Linenoise: Add multibyte support

Created on 23 Jan 2012 · 21Comments · Source: antirez/linenoise

Current code doesn't have support for multibyte strings, e.g. strings having unicode characters beyond ASCII range. The column shifts for refreshLine are calculated using strlen() which returns 2 instead of 1 for a 2-byte character like 'Ş' in Turkish.

The library should use mbstowcs() or other functions to get the number of characters instead of number of bytes for column processing (up, down arrows, erasing a character, etc.).

And also as those functions are LC_CTYPE dependent, either you or the applications using linenoise should call setlocale(LC_ALL, "") to set the application's locale to the system locale.

Thanks.

Source

ozancaglayan

👍2

Most helpful comment

My fork (https://github.com/yhirose/linenoise/tree/utf8-support) now supports Unicode 11.0 and includes all the recent changes made in antirez/linenoise.

yhirose on 15 Oct 2018

👍5

All 21 comments

See: http://www.cl.cam.ac.uk/~mgk25/unicode.html

ozancaglayan on 23 Jan 2012

Take a look at my fork, https://github.com/msteveb/linenoise, which has support for utf-8

msteveb on 23 Jan 2012

Do you really need all those functions? I'm not quite familiar with the stuff but I easily fixed some of the weird problems by using mbstowcs() instead of strlen() where the length of the string is assumed equivalent to the number of characters in the string. But I couldn't find way to fix deleting of wide characters with backspace..

ozancaglayan on 23 Jan 2012

The approach here is to avoid any reliance on system support for utf-8. For example, I have systems running uClibc without locale support which can still happily run a utf-8 console over a serial port. Of course you are welcome to take a different approach.

msteveb on 24 Jan 2012

I have a similar issue; I tried out line-noise for a shell implementation. If I want coloured prompts, the escape-codes end up being included in the length calculation.

A simpler, easier fix is to eirther:

1) allow specifying the length of the prompt yourself.
2) use terminal commands to extract the position of the cursor after outputing the prompt (not sure if this is possible)

jasom on 3 Dec 2013

I find this from mongo shell's code. I'm always annoyed by more and more CLI tools (mongo, redis-cli, node)) I use whose cursor moves weiredly when there are multibyte characters. I don't know if the others are using linenoise or something else, but I'd like to see this get fixed :-)

lilydjwg on 12 Mar 2014

I've made a modified linenoise that lets you specify the width yourself, so it's extra work for the application, but at least possible; I've been using it for about 3 months with no problems. I'll turn it into a pull request, perhaps.

jasom on 14 Mar 2014

'utf-8 support' branch on my fork fixed the following UTF-8 problems that appear in the latest linenoise version 1.0:

Multi-byte characters: ö (U+00F6)
Multi-code characters: ö (U+006F U+0308)
Wide characters: 日本語 ('Japanese')
Prompt text including the above characters and ANSI escaped colored text.

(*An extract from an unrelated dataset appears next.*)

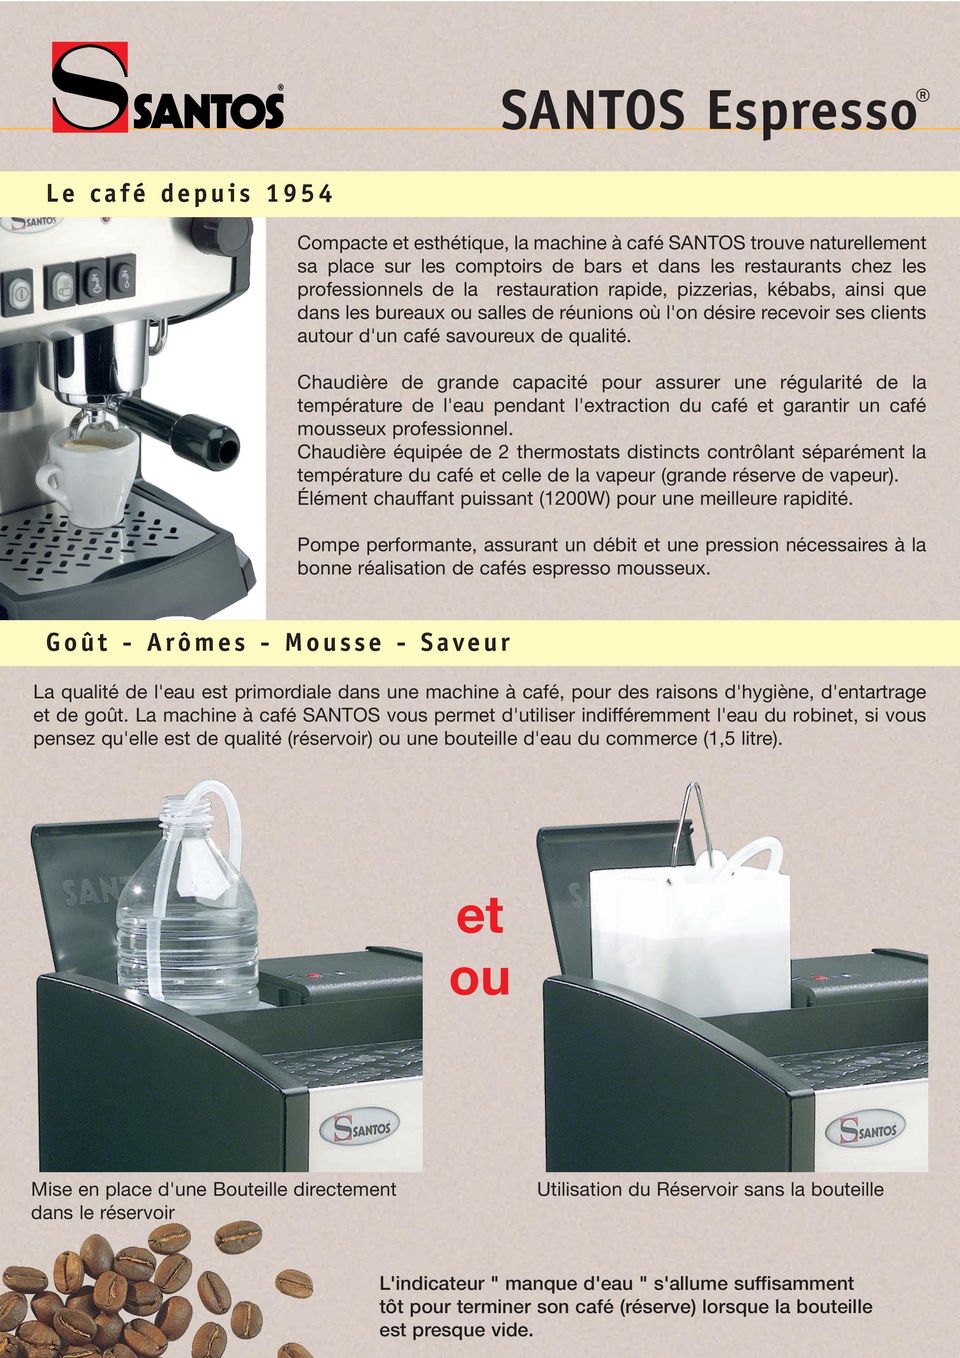 Chaudière de grande capacité pour assurer une régularité de la température de l'eau pendant l'extraction du café et garantir un café mousseux professionnel.
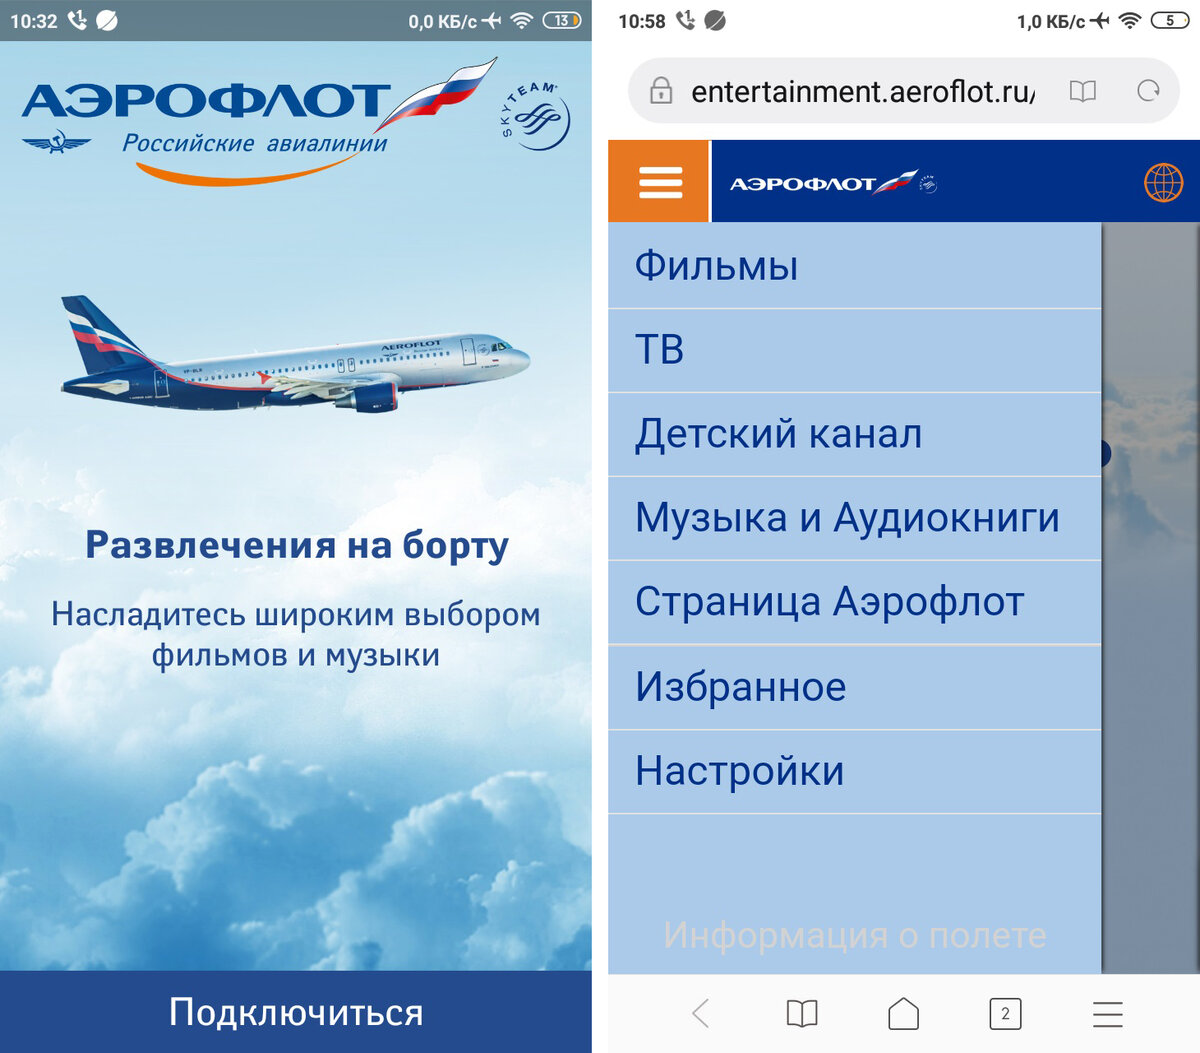 Aeroflot app. Самолет Аэрофлот. Система развлечений на борту Аэрофлота. Аэрофлот развлечения на борту. Самолёты компании Аэрофлот.

I first tried https://github.com/msteveb/linenoise. But it is not based on the latest linenoise which supports the fantastic multiline mode. Also it doesn't support CJK wide characters and multi-code characters...

yhirose on 26 Oct 2015

Hello, I'm thinking about going the following route with this issue:

Use @yhirose as a reference in order to check where the C plain string functions should be substituted by multi-byte aware ones.
Export an API that allows linenoise user to set alternative functions for string length calculations. Set the function to the plain C functions as default.
Include @yhirose code as a separated file that you can add to your application, calling the linenoise new functions to set the length functions, in order to have multi-byte support.

This way we obtain that linenoise simplicity remains almost untouched, but optionally it is both possible to support multi byte chars both with C++ functions, other user provided functions different from standard ones, or the ones included in linenoise itself if your project is in C and you don't want to rewrite what @yhirose already wrote again and again.

Makes sense to you? Thanks.

antirez on 26 Oct 2015

@antirez, Thanks for paying attention to the multi-byte code users! The idea that you presented totally makes sense to me. I am even happier because if the linenoise library itself can give the extensibility, we could easily add other multi-byte encoding support.

As you can see in my fork, the most important concept for enabling 'multi byte' support is to make a clear distinction between 'byte position/width' in text buffer and 'column position/width' on screen. Here are some examples in UTF-8:

あ (U+3042): E3 81 82 (3 bytes): Wide (2 column width)
ö (U+00F6): C3 B6 (2 bytes): Narrow (1 column width)
ö (U+006F U+0308): 6F CC 88 (3 bytes): Narrow (1 column width)

Once we come to know the difference, it's pretty easy to handle multi-byte code correctly. You can grasp the idea from changes in the 1st commit. I applied the same principle to prompt text in the 2nd commit as well.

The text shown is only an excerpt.